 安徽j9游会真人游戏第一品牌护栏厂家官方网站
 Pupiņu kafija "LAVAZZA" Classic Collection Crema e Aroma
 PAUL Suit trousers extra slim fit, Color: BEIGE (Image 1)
-- -- --
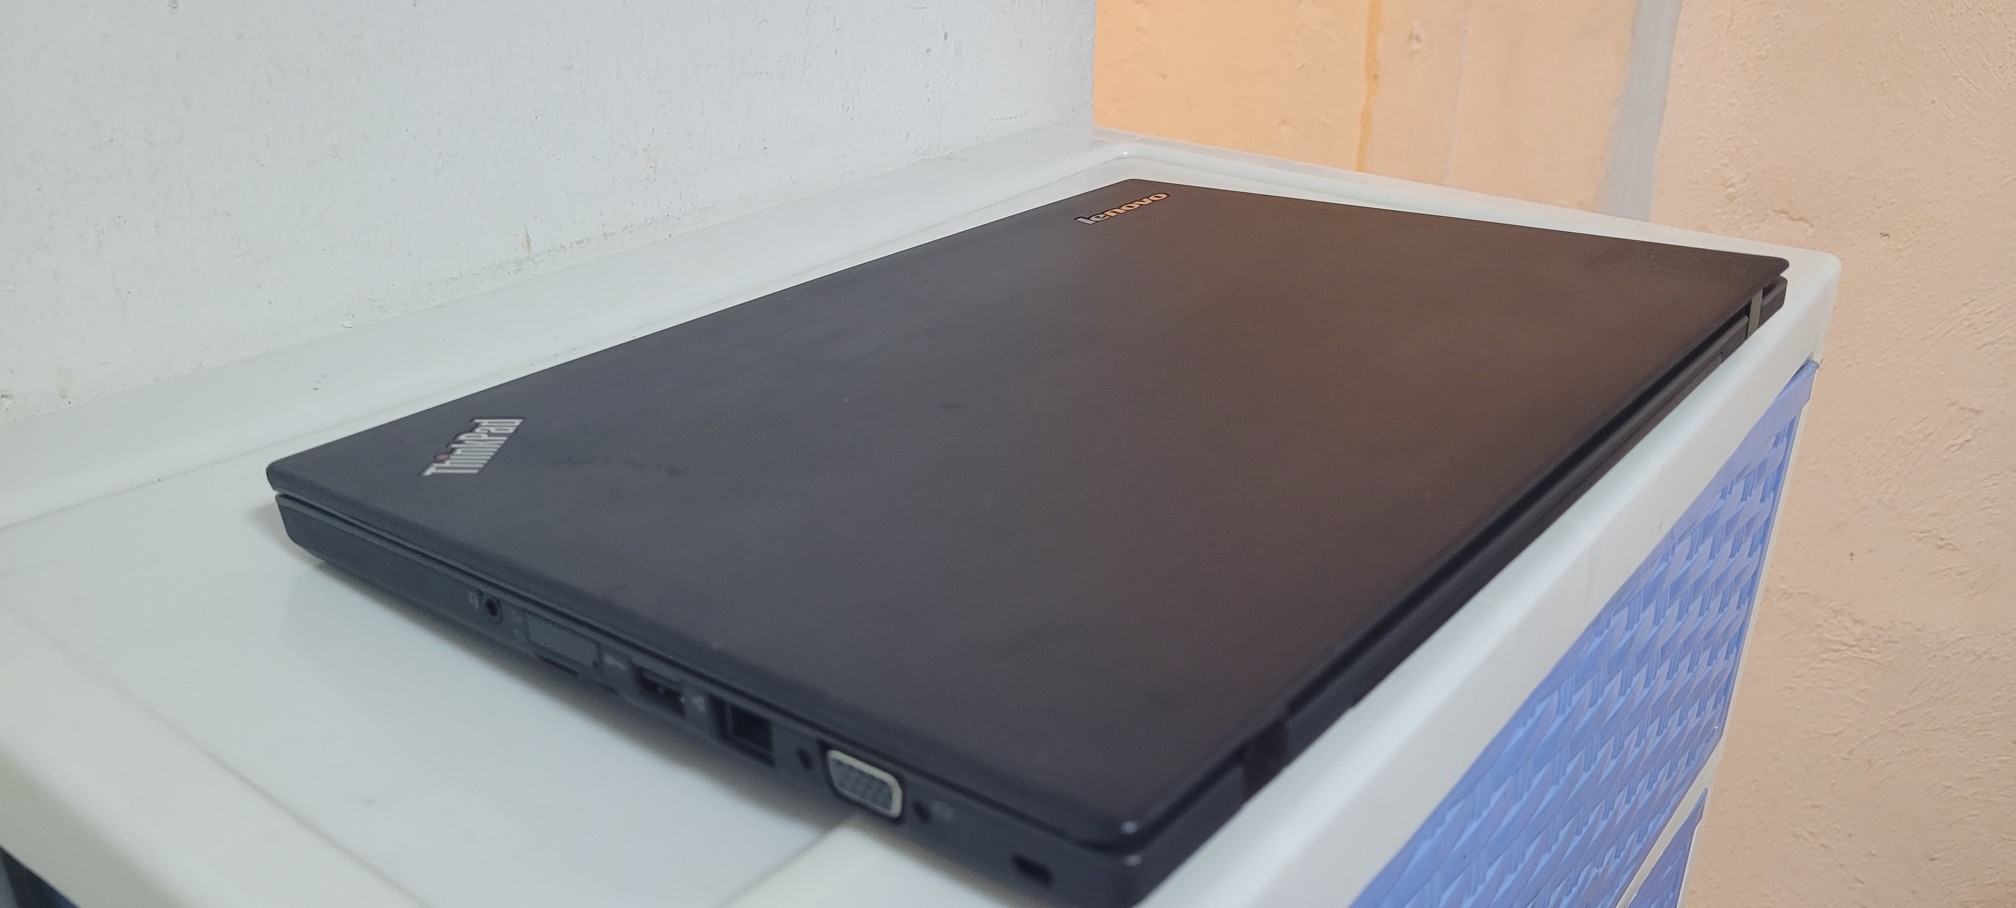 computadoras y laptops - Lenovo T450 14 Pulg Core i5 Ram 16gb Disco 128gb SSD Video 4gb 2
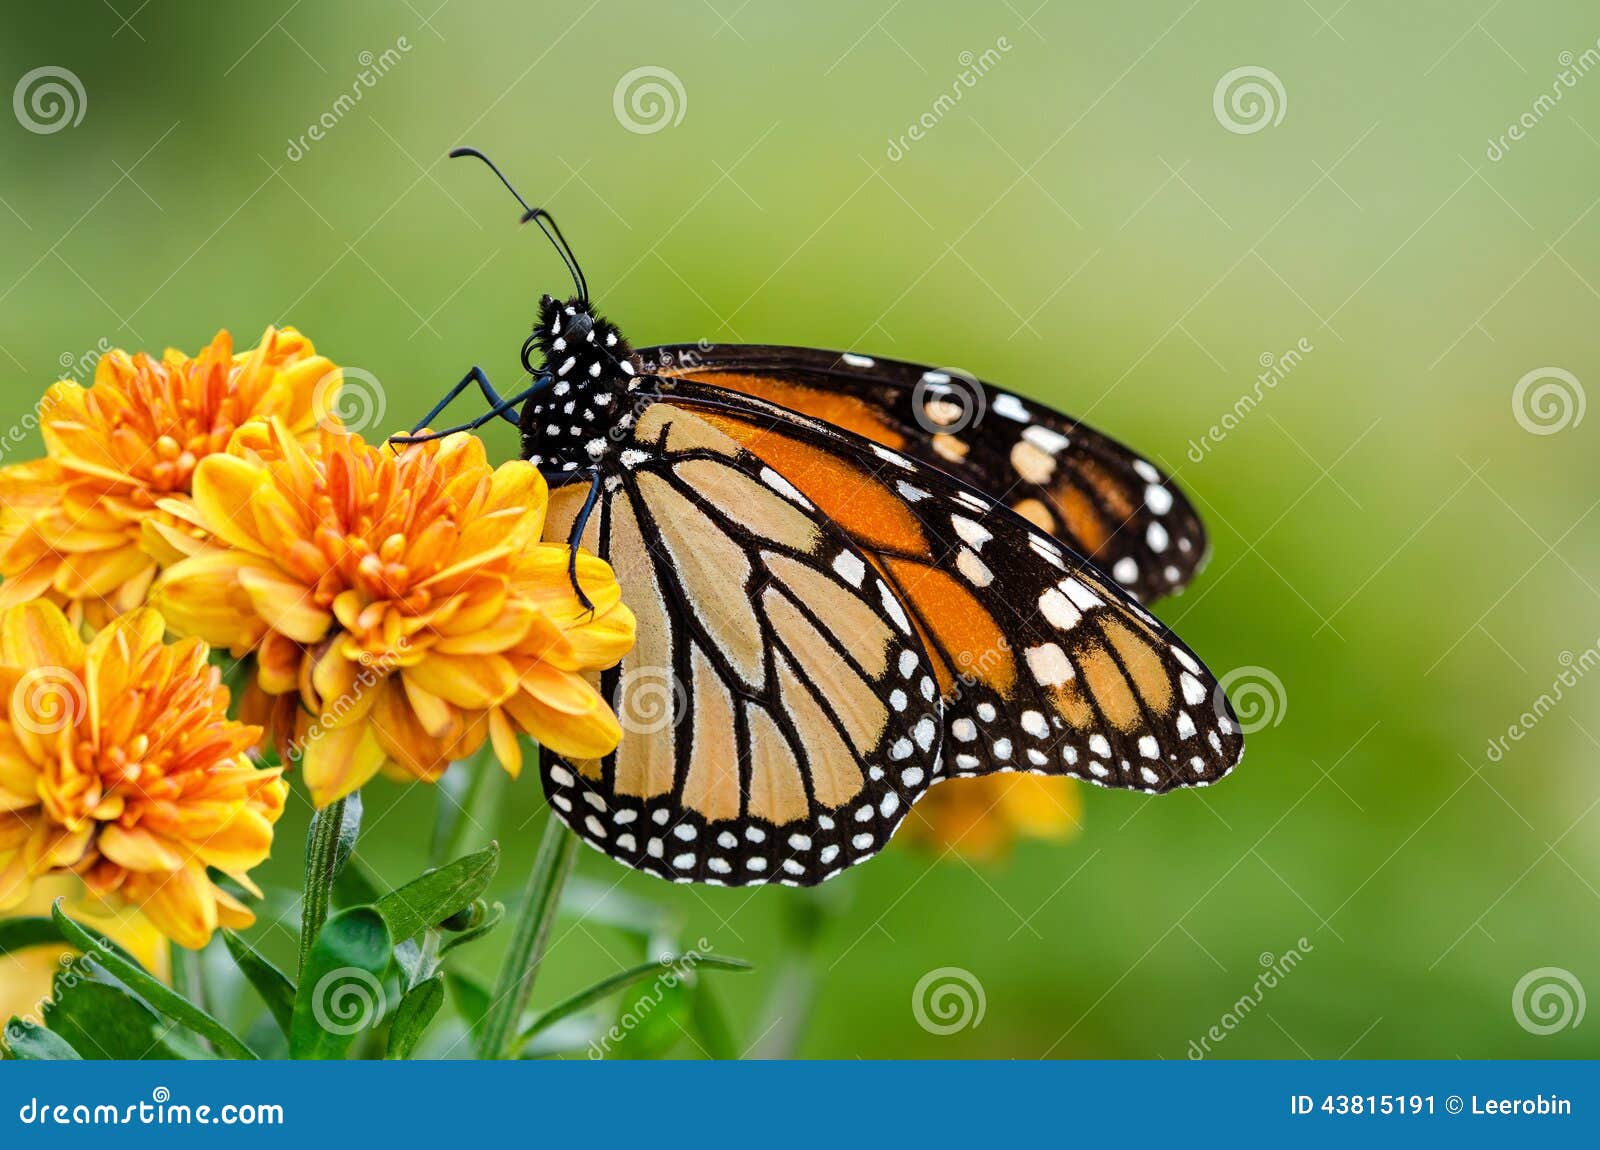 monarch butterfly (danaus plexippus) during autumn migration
-- -- --
_REQUIRED ACTION_
Above are records; repeat only the lines starting at the line with "安徽j9游会真人游戏第一品牌护栏厂家官方网站" and ending at the line with "PAUL Suit trousers", exactly as they appear, both included.

_RESPONSE FOR THIS EXERCISE_
 安徽j9游会真人游戏第一品牌护栏厂家官方网站
 Pupiņu kafija "LAVAZZA" Classic Collection Crema e Aroma
 PAUL Suit trousers extra slim fit, Color: BEIGE (Image 1)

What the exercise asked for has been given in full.